Three Weekly Questions, 3/28/14 (extra credit blog)

1. What tasks have you completed recently?
2. What have you learned recently?
3. What are you planning on doing next?

1. I helped clean up some of the nearly countless dead weeds growing in our backyard, I almost 100% completed a video game that I have been playing for about 8 months now, I started building a large library on the game Minecraft which will almost certainly take months to complete, and I otherwise enjoyed my spring break. I also recently read some of a newly refurbished, 38 year-old calculus book, and a geometry book I got from my school’s library two weeks ago, and I’ve helped out at least two people with some kind of homework.

2. I recently learned some facts about ellipses and other geometrical figures, I learned that a square is the rectangle with the largest area for a given perimeter, and I learned many other small and insignificant facts that are too numerous to mention here. For example, one gram of the “activated” carbon that is used in many water filters can have a total surface area greater than 500 m2.

3. I plan on spending the last two days of my spring break reading, watching cartoons, and being outside. I also plan, on Monday, on asking three of my teachers how the report card I was recently sent could show me having a total of nine absences, especially since I haven’t yet missed a single day or period of class this entire year.


Three Weekly questions, 3/14/14

1. What tasks have you completed recently?
2. What have you learned recently?
3. What are you planning on doing next?

1. I recently helped assemble an elliptical machine that took about an hour and a half to set up, completed three lab projects in my Chemistry class including one that dealt with flames and crucibles, and I beat my friend in chess again after he accidentally “gave up” has queen.

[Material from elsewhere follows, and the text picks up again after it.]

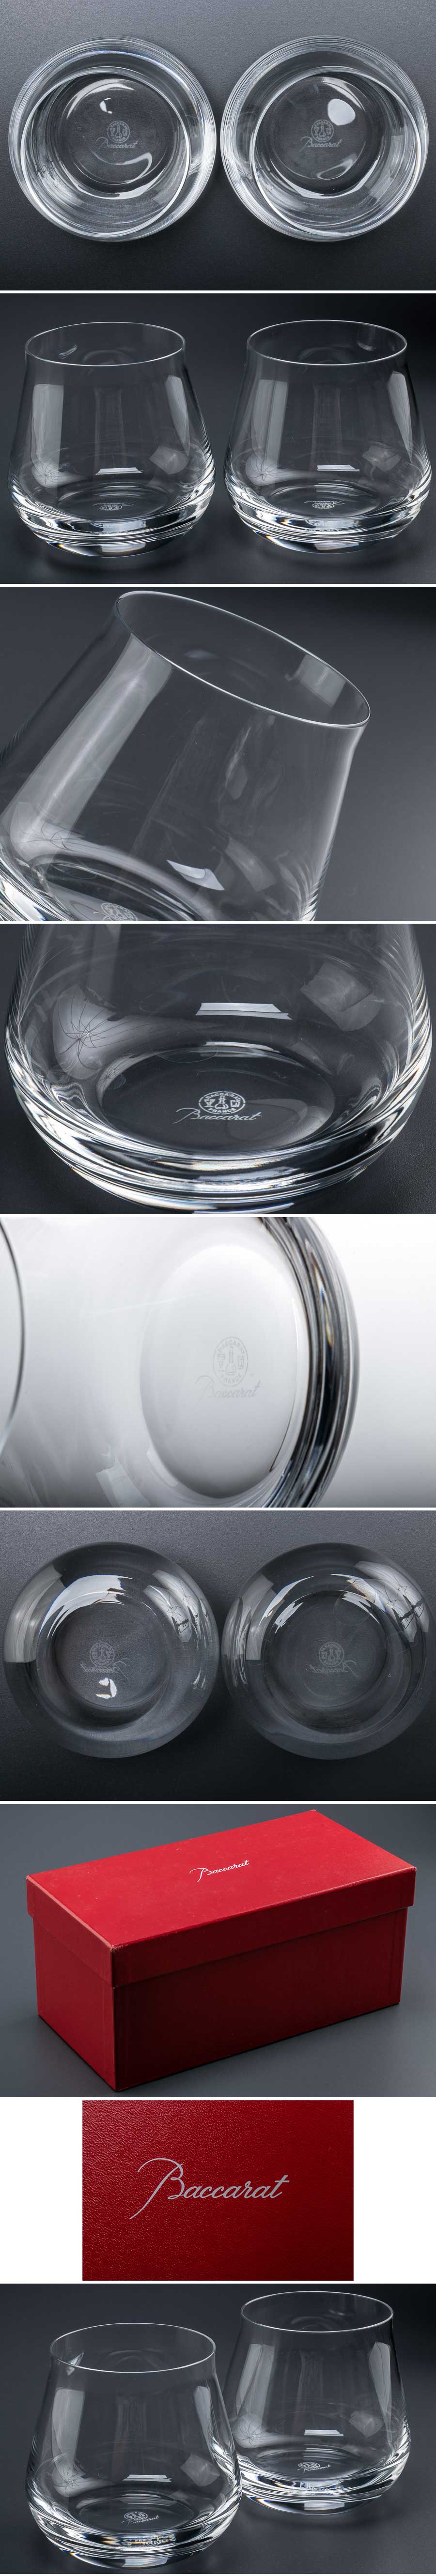 特価超歓迎『 Baccarat バカラ シャトーバカラ タンブラー 2客 箱付 8219 』 2個組 洋食器 ブランド テーブルウェア クリスタルガラス 工芸ガラス

2. I recently learned about the very large number of programs that were started in the 1930s to help alleviate the Great Depression in America and I learned how the concept of the mole is used in chemistry. I also learned how to find the gravitational acceleration of an object orbiting the Earth (or really, any other planet or object) if you know the radius of the Earth and the object’s height above the Earth, and I learned a tiny portion of Relativity in my Physics class, and how traveling near the speed of light messes thing up; for example, one year for you on a rocket at 96% the speed of light ages you one year, but would age a twin of yours by 3.6 years.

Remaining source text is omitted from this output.